Savings and investment- juxtaposition and difference

Saving and investing are both important concepts for building a sound financial foundation
and often times most individuals use them interchangeably
(savings and investment). Are they entirely different from each other? Yeah definitely, do
they share little similarities? Yes, but they are entirely different things, carrying different
purposes and playing different roles in your financial strategy and your balance sheet.
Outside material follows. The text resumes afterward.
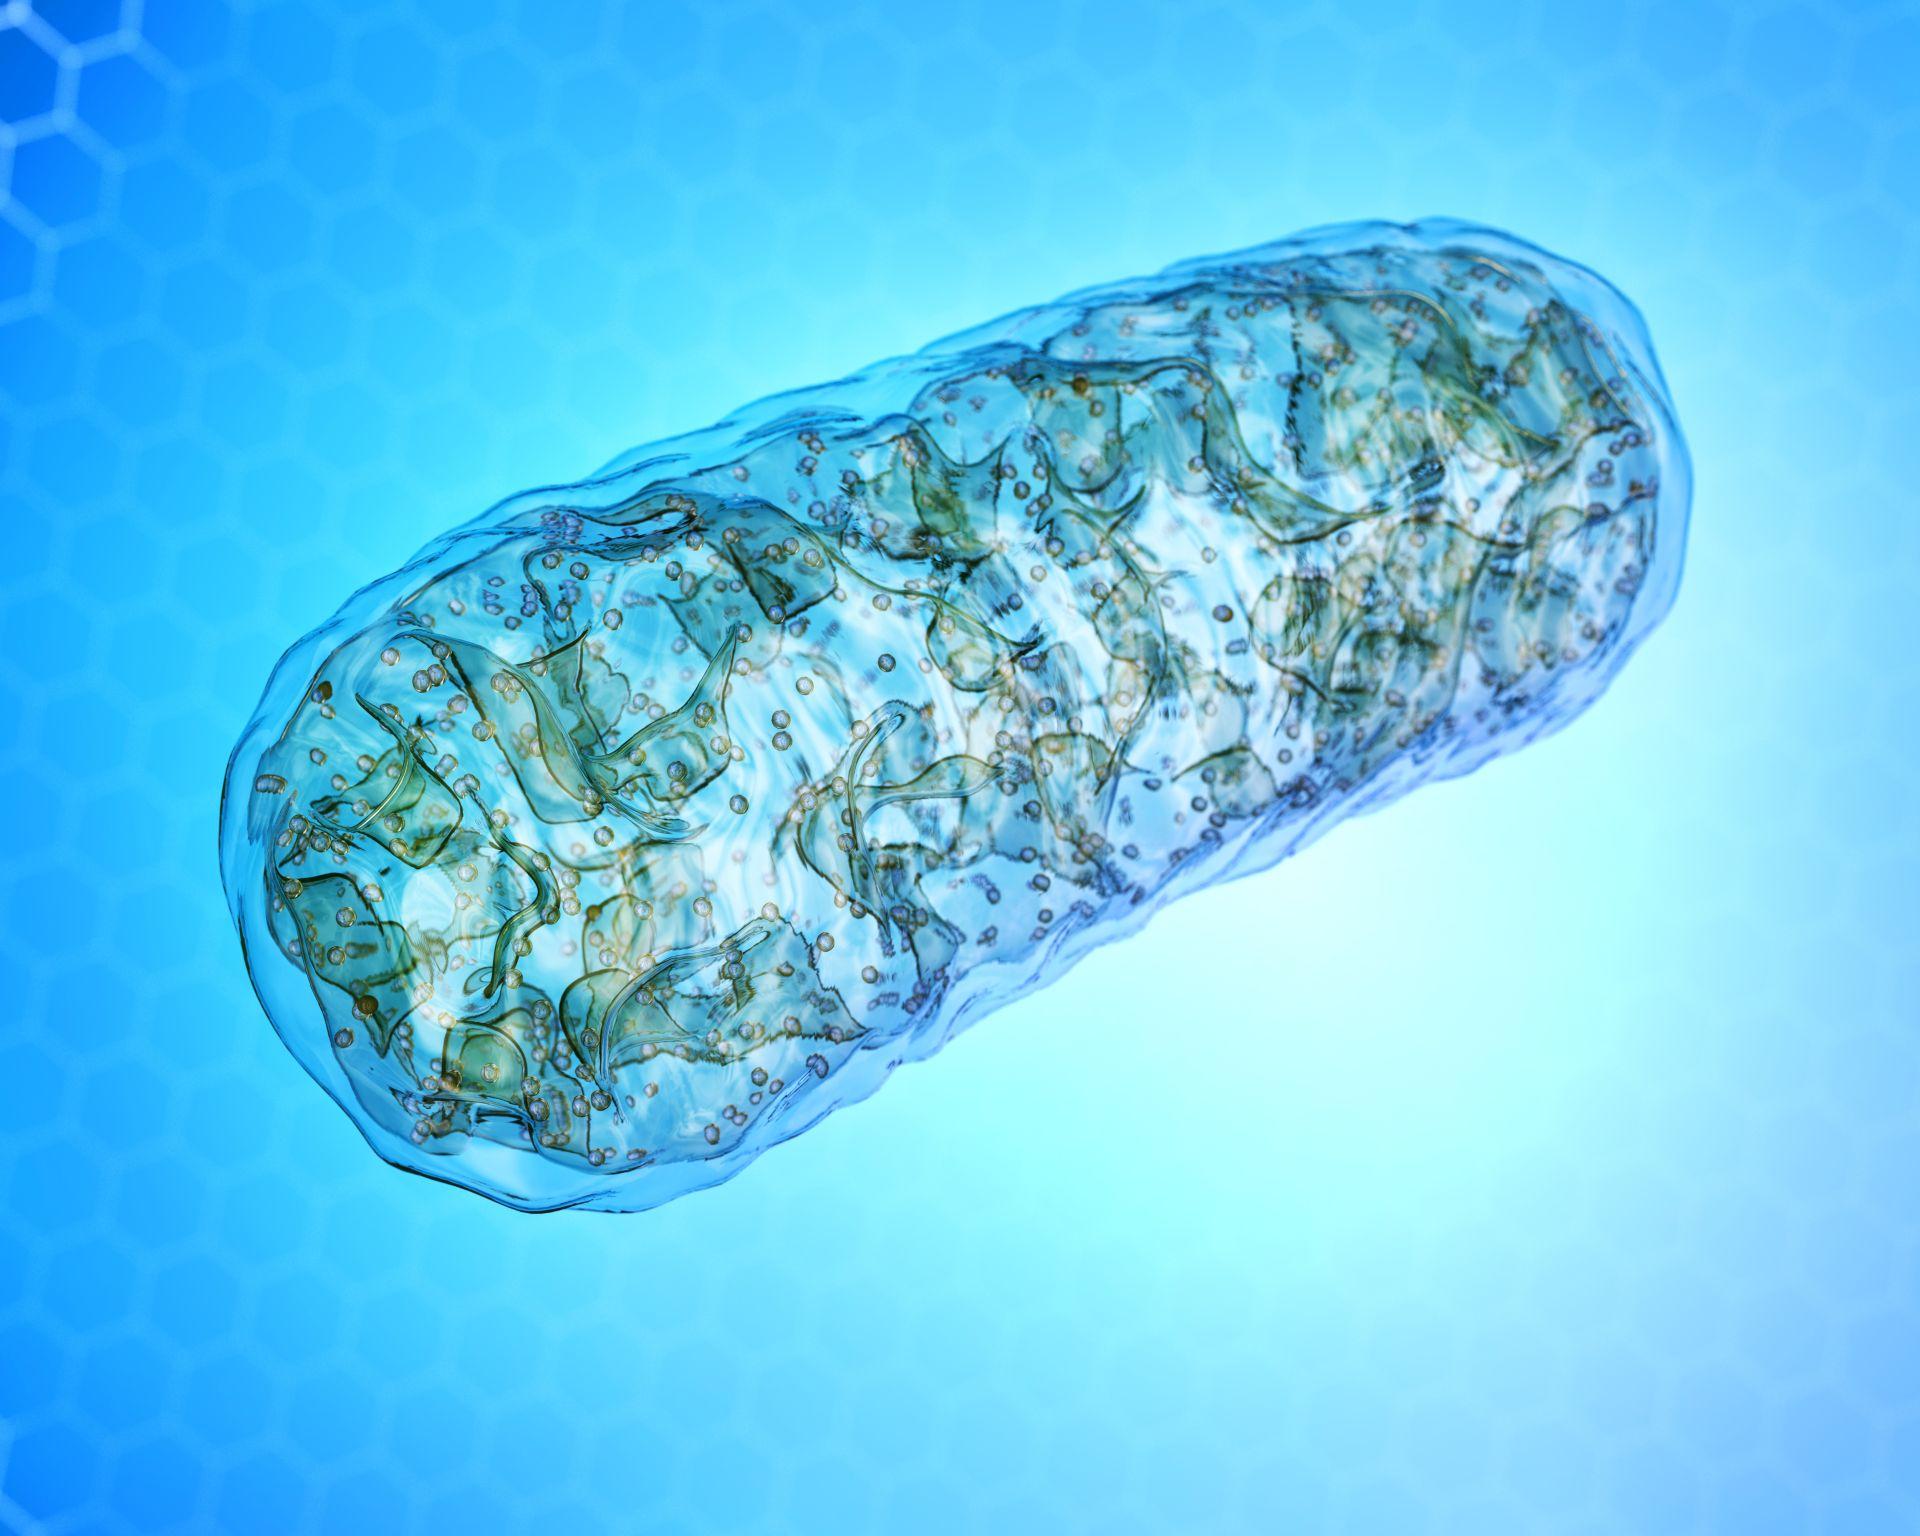 Mitochondrien - Mikrobiologie, 3D-Illustration der zellulären Organelle
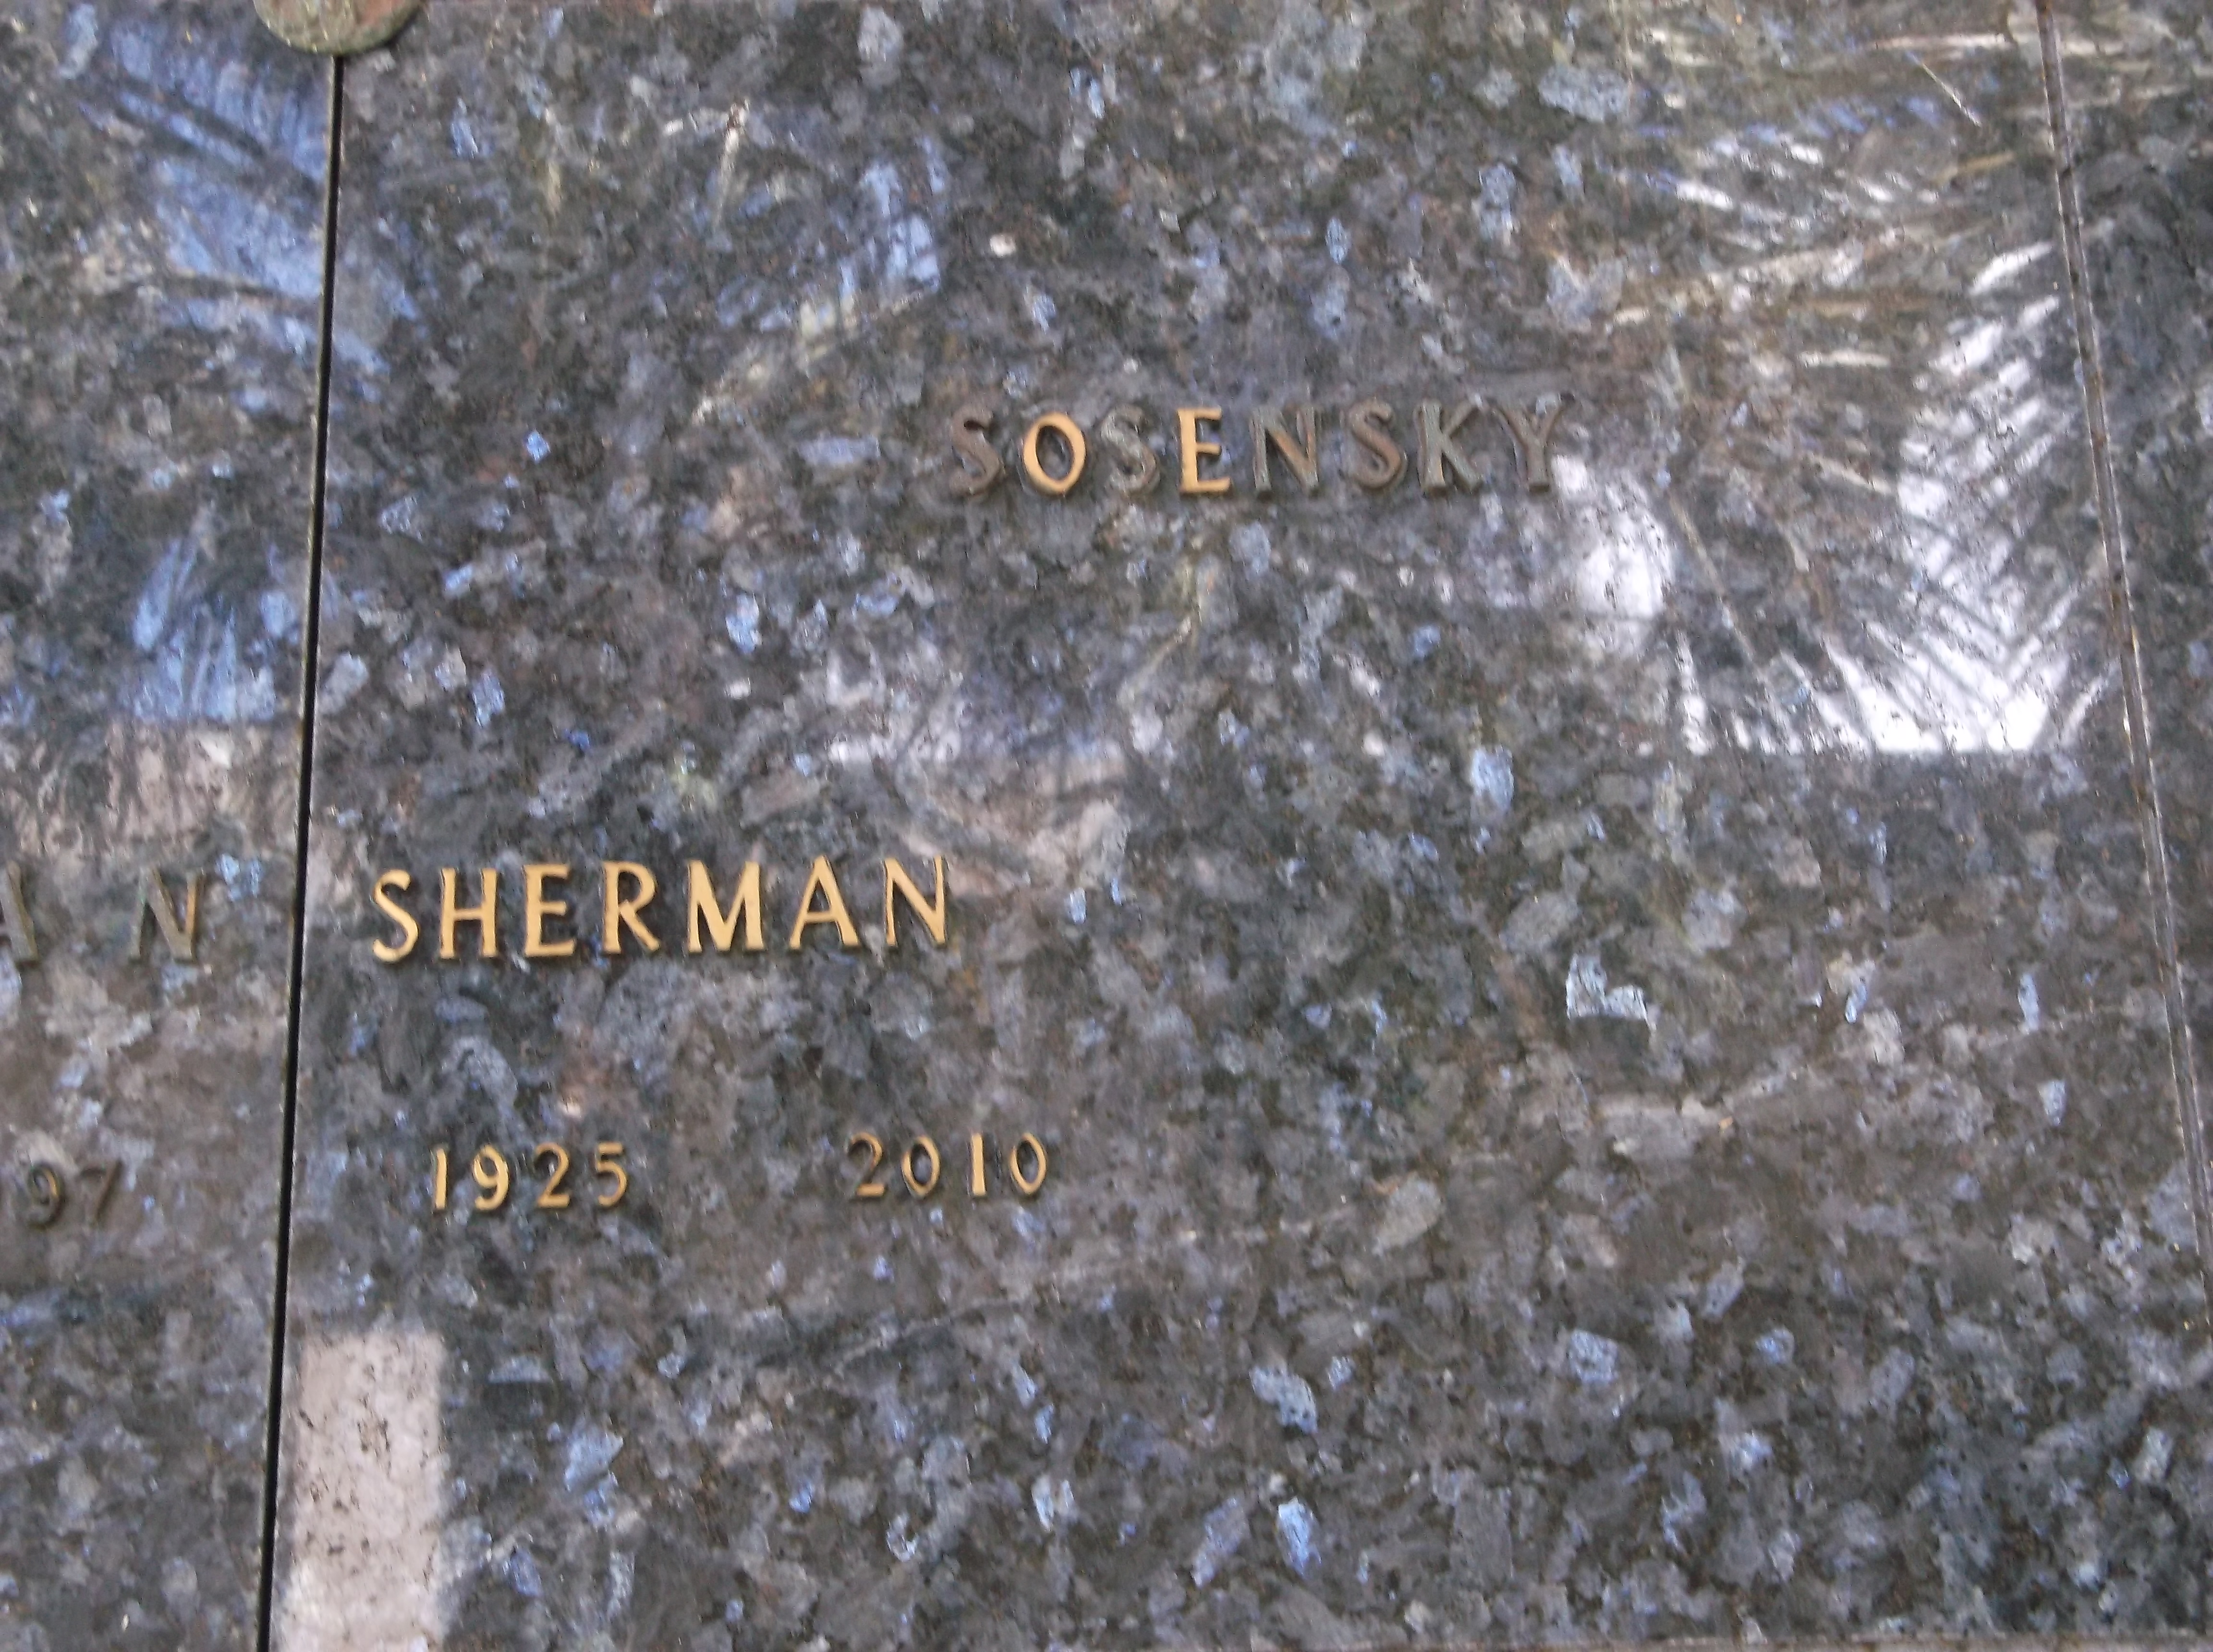 Sherman Sosensky

Before you begin your journey to building wealth and financial independence, make sure you
are clear on these fundamental concepts, it’s the most rudimentary financial concept that
you shouldn’t be ignorant.

What does savings entail?
It is the process of stacking money aside for a futuristic expense, event or need by stacking
it in bank accounts. The money is readily available immediately you need it, it’s more like a
call deposit for purchases and emergencies and it is extremely low-risk and highly liquid, keyword- (low- risk and highly liquid). People save for a plethora of reasons ranging from payment++ for an item, a trip, a car to educational expenses and miscellaneous expenses.
Investment on the other hand is streamlined to the acquisition of an asset or item with the
long-term goal/ objective of generating income or appreciation. Appreciation refers to an
increase in the value of an asset over time. When an individual purchases a good/stock as
an investment, the motif revolves primarily around the creation of future wealth.
How are they similar? Saving and investing have a myriad of differences, but they share one
common goal: they’re both strategies that help you accumulate money. “First and foremost,
both involve putting money away for future reasons be it short or long term,” says Chris
Hogan, financial expert and author of Retire Inspired.
The biggest differences between saving and investing are the ‘level of risk taken’ and
Saving typically results in you earning a lower return but with virtually no risk. In contrast,
investing allows you the opportunity to earn a higher return, but you take on the risk of loss
in order to do so. Savings are best for short-term goals, while investments are for long-term
goals. Investing is best for long-term commitments to earn returns.
If you’re trying to accumulate a smaller amount for a short-term goal, then a savings account
is probably the way to go. Alternatively, if you’re trying to save for a large, long-term goal like
retirement, an investment account is more in line with your needs.